** Opening Data provided block **

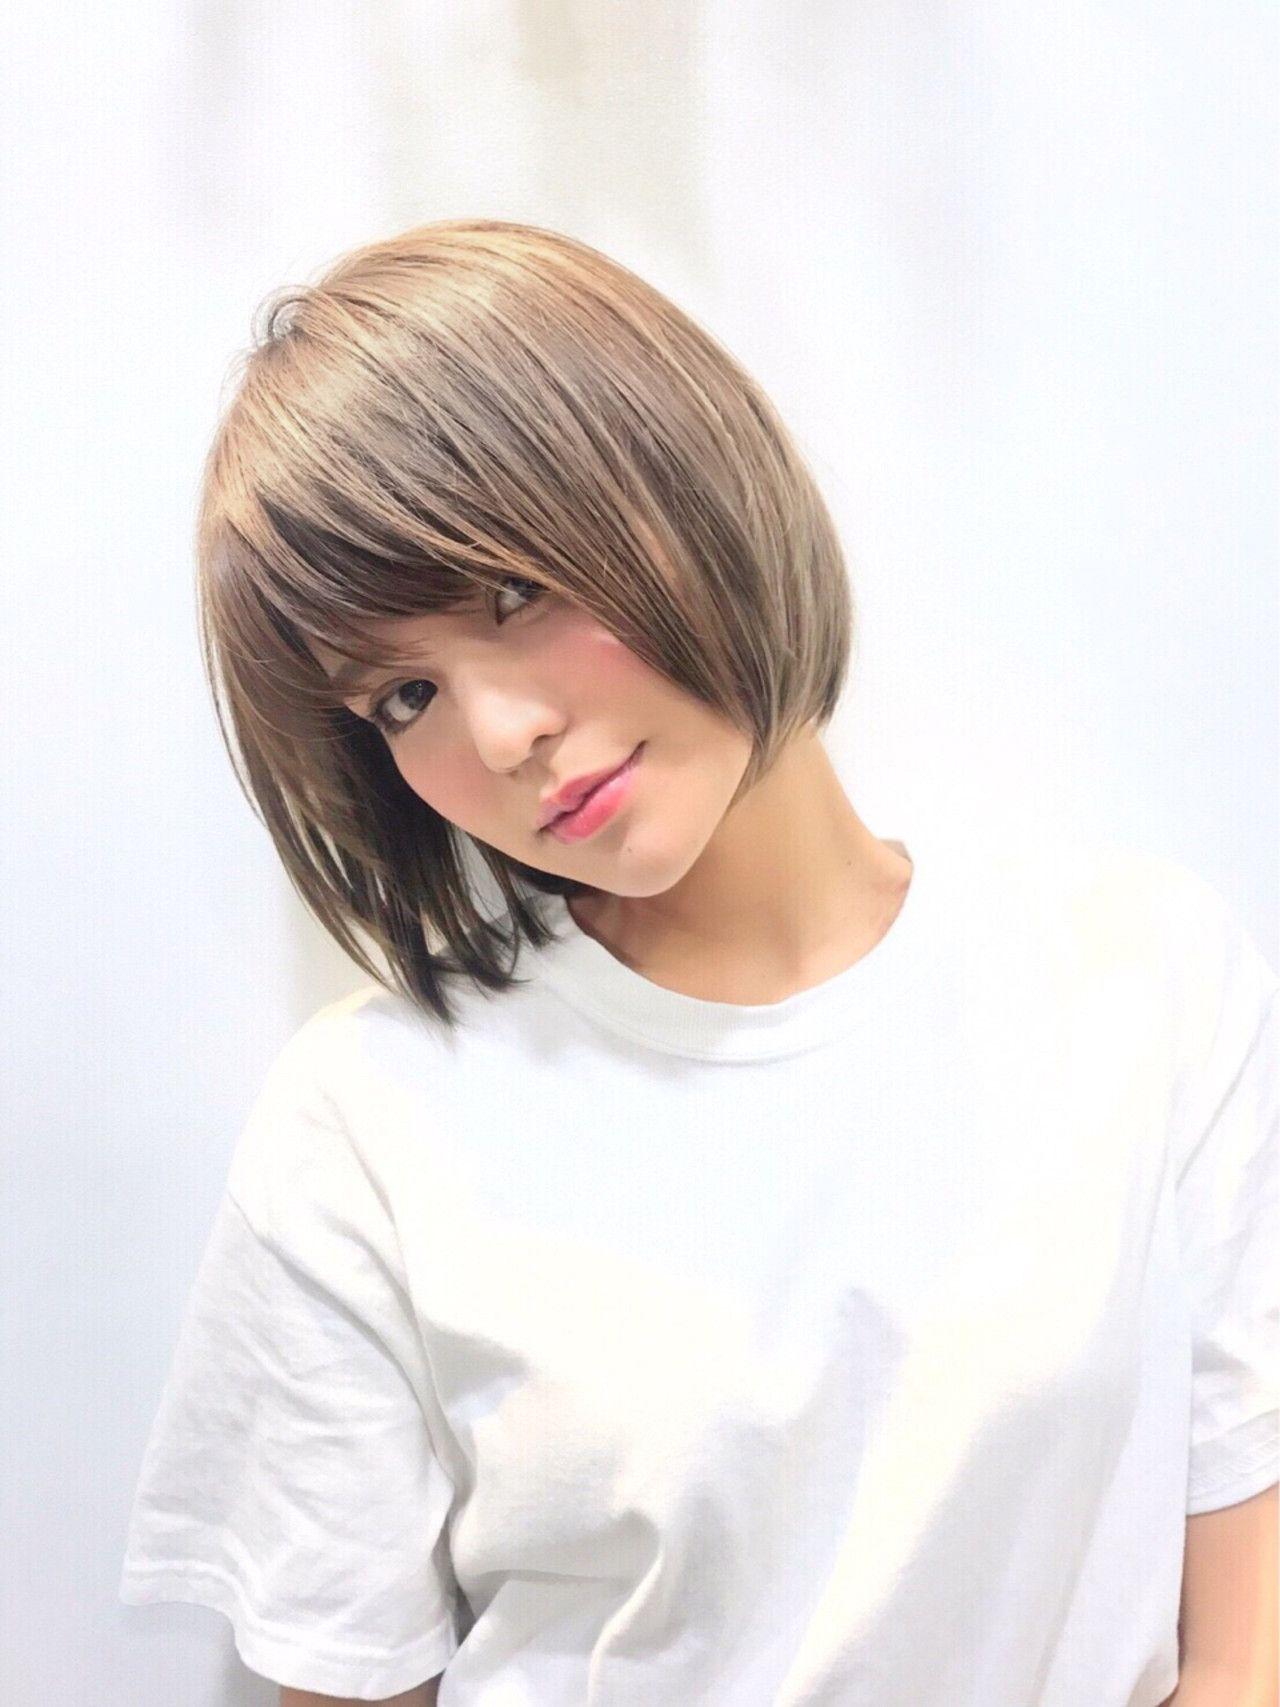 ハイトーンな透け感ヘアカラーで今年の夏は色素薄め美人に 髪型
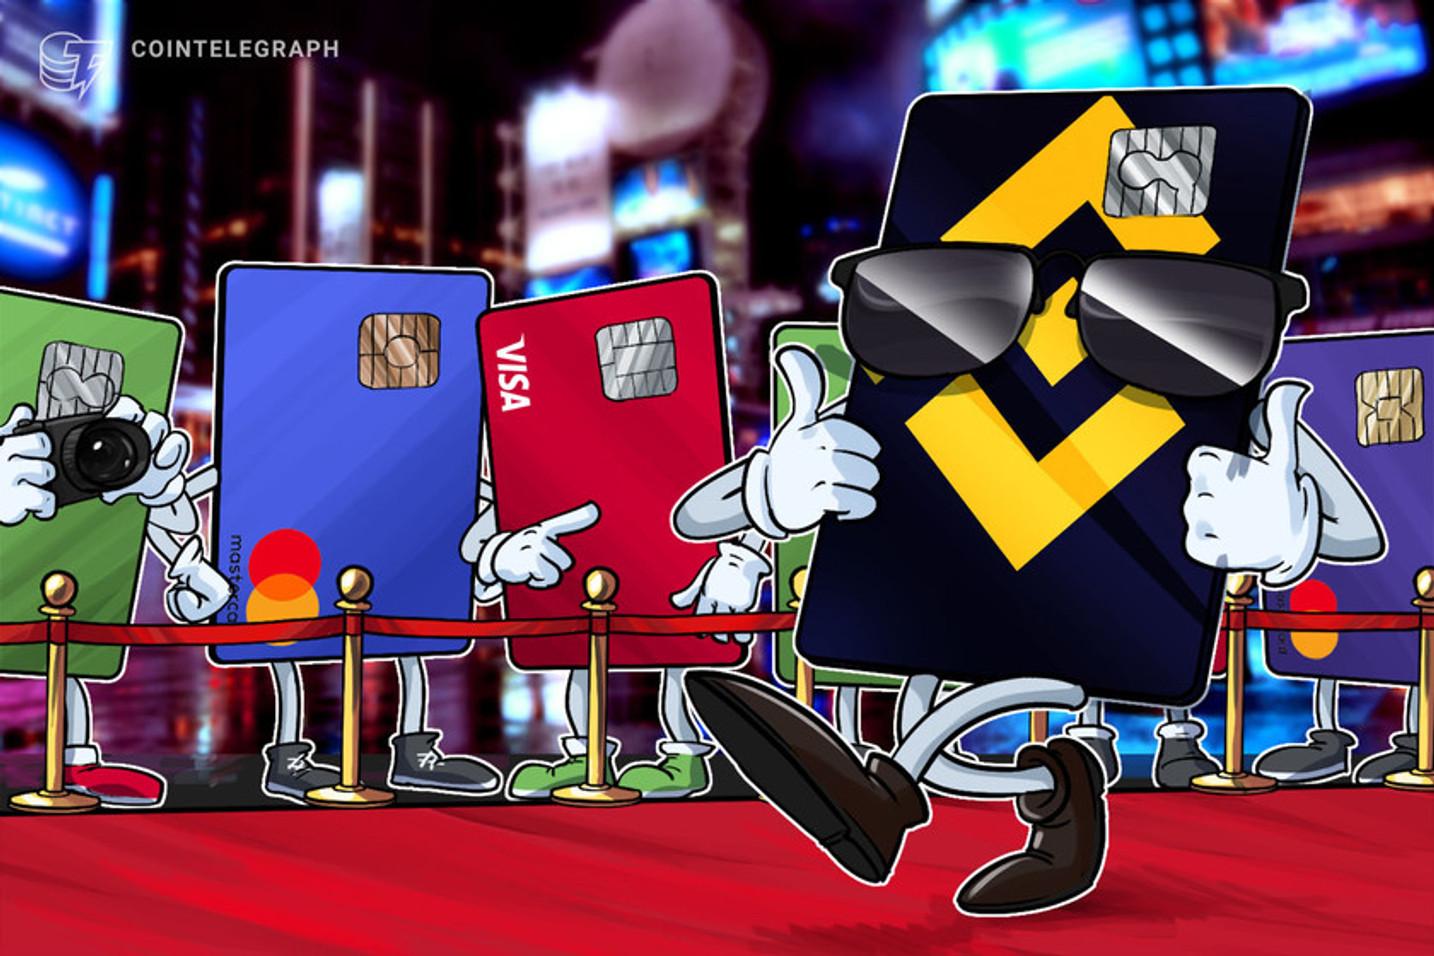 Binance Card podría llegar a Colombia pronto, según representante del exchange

** Closing Data provided block **
** Opening Data provided block **

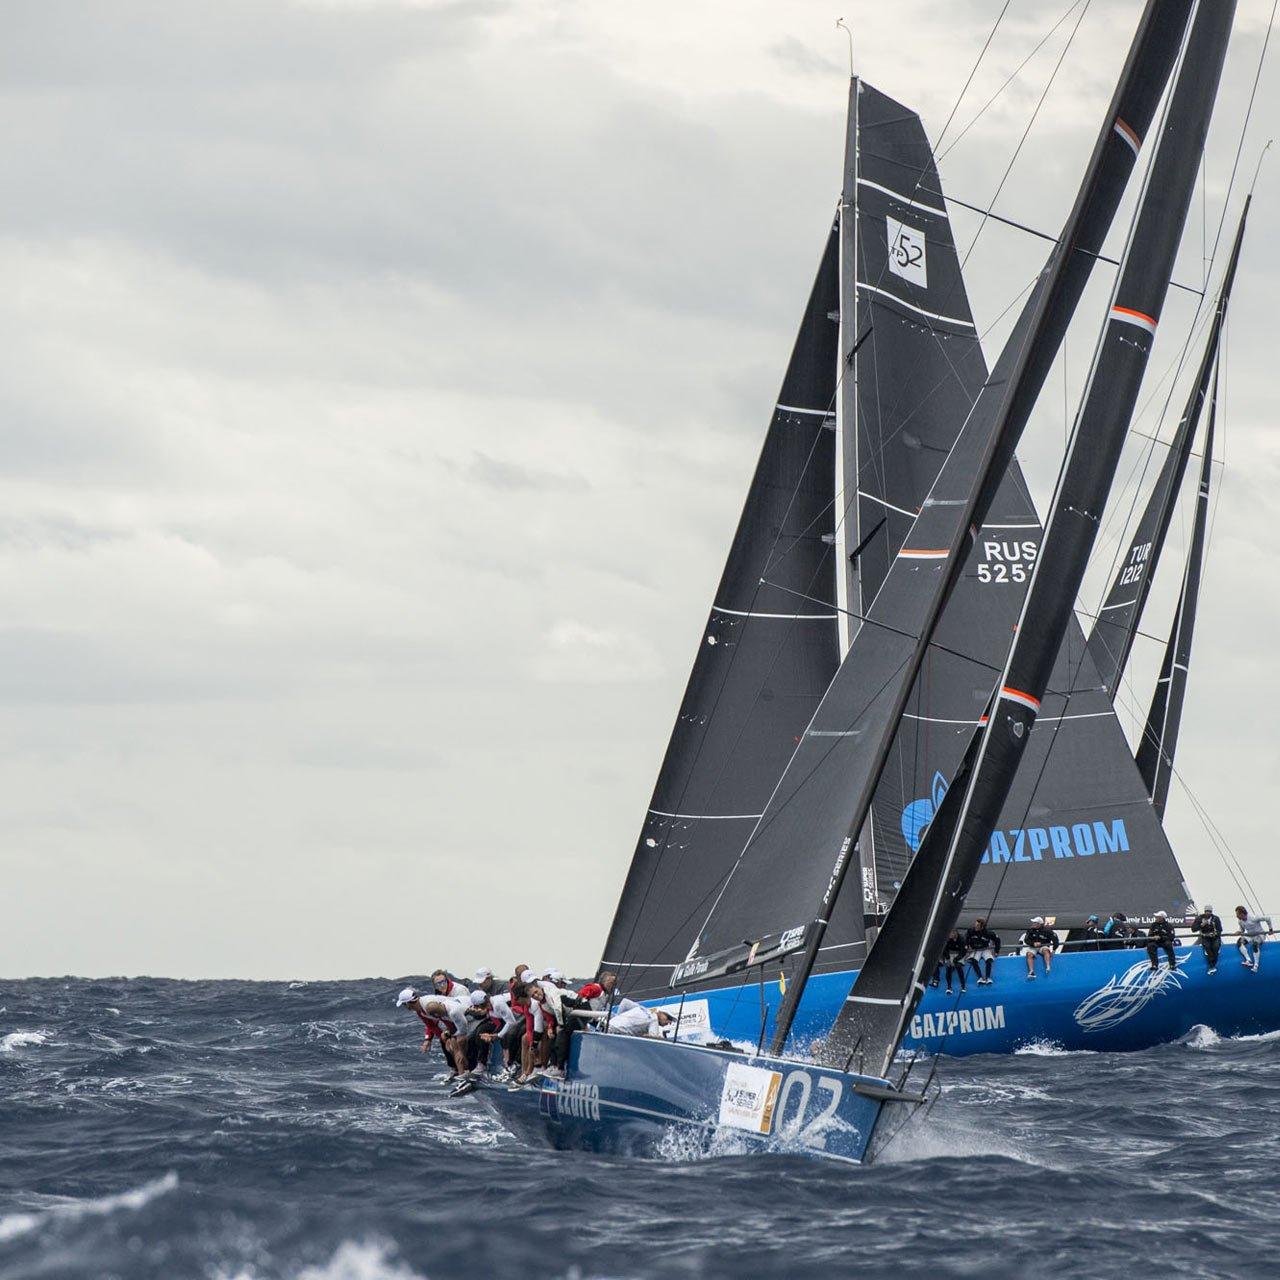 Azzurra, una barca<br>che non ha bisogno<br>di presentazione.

** Closing Data provided block **
** Opening Data provided block **

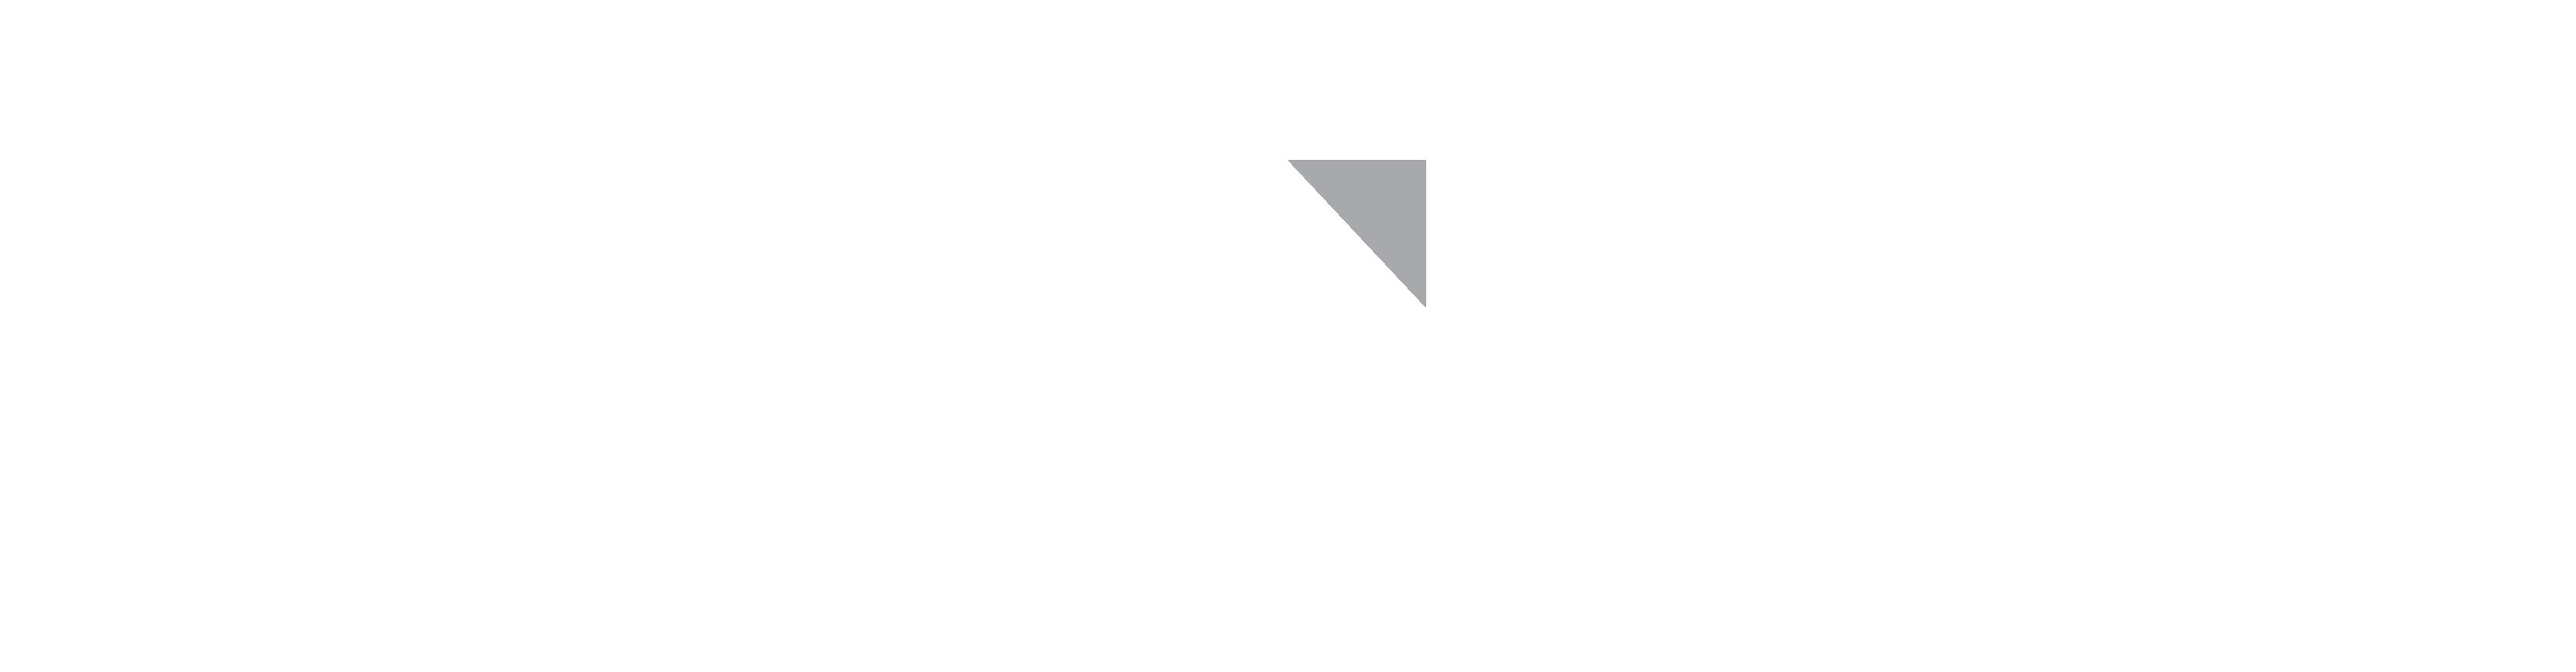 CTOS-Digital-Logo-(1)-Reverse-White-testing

** Closing Data provided block **

# Task to carry out
Copy word for word only the lines above from the one with "ハイトーンな透け感ヘアカラーで今年の夏は色素薄め美人に 髪型" through the one with "Binance Card podría". Leave pictures out.

# Exercise solution
 ハイトーンな透け感ヘアカラーで今年の夏は色素薄め美人に 髪型
 Binance Card podría llegar a Colombia pronto, según representante del exchange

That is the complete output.